Prep 15 mins
Cook 1 hr
A lovely dish to serve on a cool fall evening! Adapted from Vegetarian Times cookbook, you're in for a treat! French, New England, Mid Atlantic
- 5 -6 lbs pumpkin (or kabocha squash)
- 2 large yellow onions, chopped (or red)
- 1 -2 tablespoon water
- 1 lb button mushroom, halved
- 1⁄4 cup sliced celery (optional)
- 1⁄4 cup white flour (or whole wheat)
- 2 -2 1⁄2 cups dry red wine
- 1⁄4 cup soy sauce
- 2 -3 vegetable bouillon cubes (optional)
- 1⁄2 teaspoon dried rosemary (2 tsp. fresh)
- 3 tablespoons dry sherry
- 1 -2 tablespoon honey
- 2 tablespoons balsamic vinegar
- fresh ground black pepper
- 5 garlic cloves, chopped coarsely
- Carve a 3-4 inch zigzagged circle in the top of the pumpkin or squash with a sharp knife, remove the top. If the peel is too thick to cut easily, bake the pumpkin at 350°F for 15 to 20 minutes to soften it. Remove and discard the seeds, and use a large spoon to scrape out the strings.
- In a large skillet, saute onions in water for a few minutes. Add the mushrooms and celery, cover and simmer for a few minutes, until they have begun to release their juices. Stir in flour and cook 1 minute. Then add 2 cups red wine and the remaining ingredients, and cook 15 minutes, stirring frequently.
- Preheat the oven to 350°F Pour the stew into the pumpkin and place it in a large, shallow dish(a baking dish or pie plate) and put the top of the pumpkin on. Bake until the pumpkin is very soft, about 1 hour. While baking, stir the stew a few times, adding the remaining 1/2 cup wine if too much liquid evaporates or is absorbed.
- To serve, spoon out some stew and scrape out some of the pumpkin onto each plate. Enjoy!

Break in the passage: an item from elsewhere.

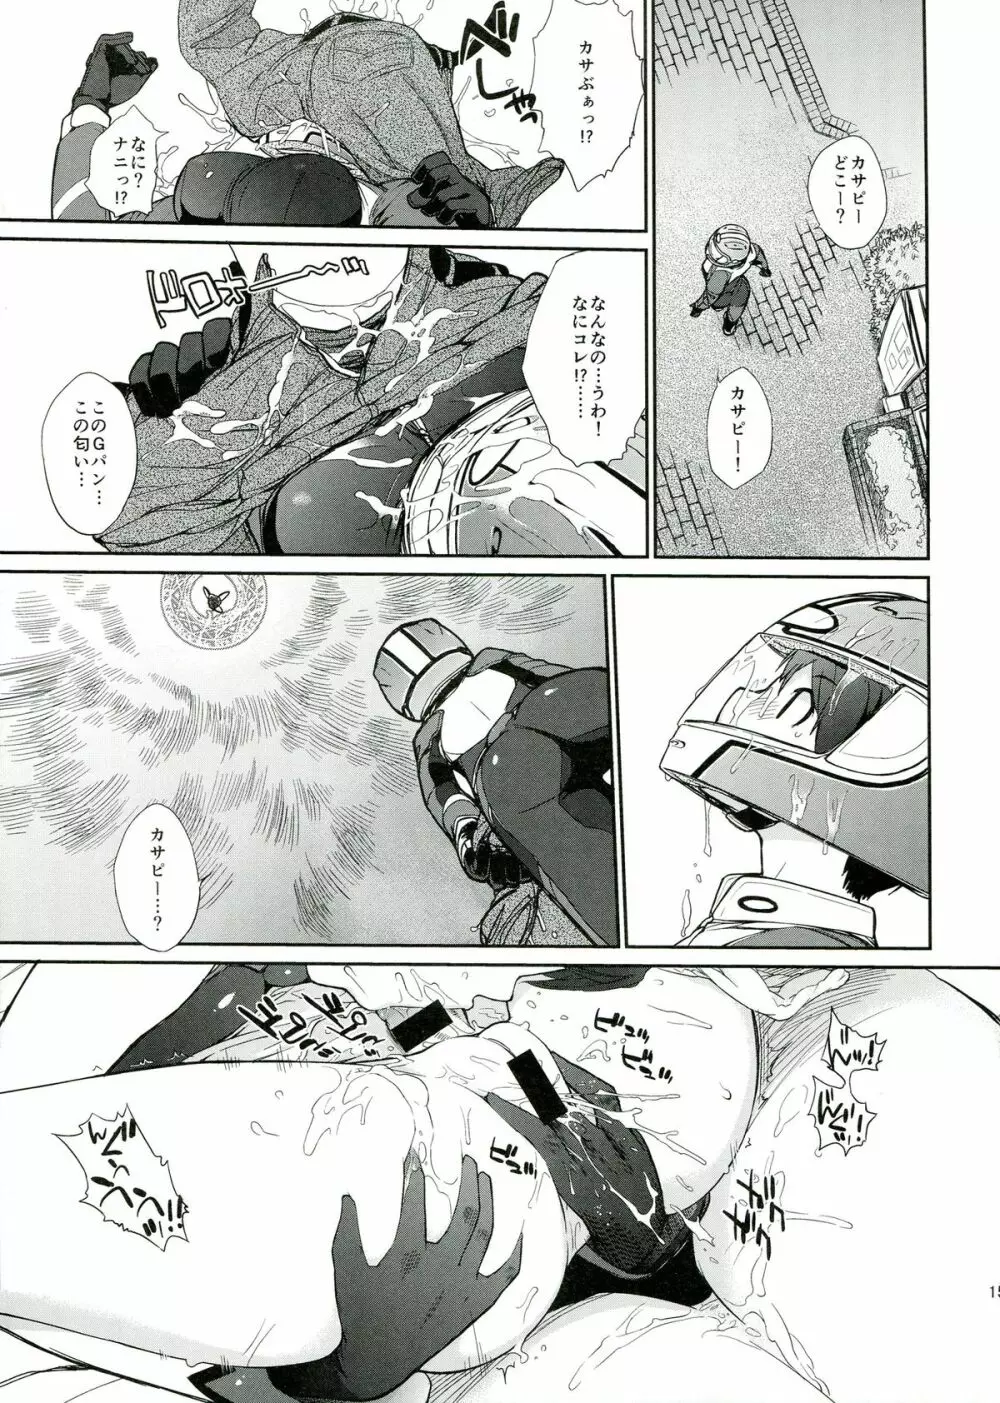 3ANGELS SHORT Full Blossom #01b Linearis Page.15

This was a success, and very impressive to guests. I used a cooking/baking pumpkin...not sure if a "carving" pumpkin would be the same. I used yellow onion, no celery, a mix of button and cremini mushrooms, ww flour, 1 veg boullion cube, and had to skip the sherry because we didn't have any. My pumpkin was just under 6 pounds and my soup didn't quite fit in, so I just heated up the extra separately. Next time I do this, I'll be sure to look for the squattest possible pumpkin, so that there will be room to get my ladle through the opening (had to serve with a different implement). I also might bake the pumpkin a bit ahead of time (possibly upside down with the top in a bit of water), because I found that the bottom parts softened up more than the upper parts so it was harder to get any scrapings out of the top. This is great because I have now taken the remaining pumpkin flesh, which I will cook a bit more to fully soften, then mash up and make into another soup. And the flavor and aroma of the soup were incredible...it's amazing what a few simple ingredients can do together! Thanks for a new kind of recipe.
Oh my! I just made this and it is AMAZING!!! The stew is good enough to eat on its own or with some potatoes added in. All of the ingredients played very well with each other making a complex flavor and very satisfying meal.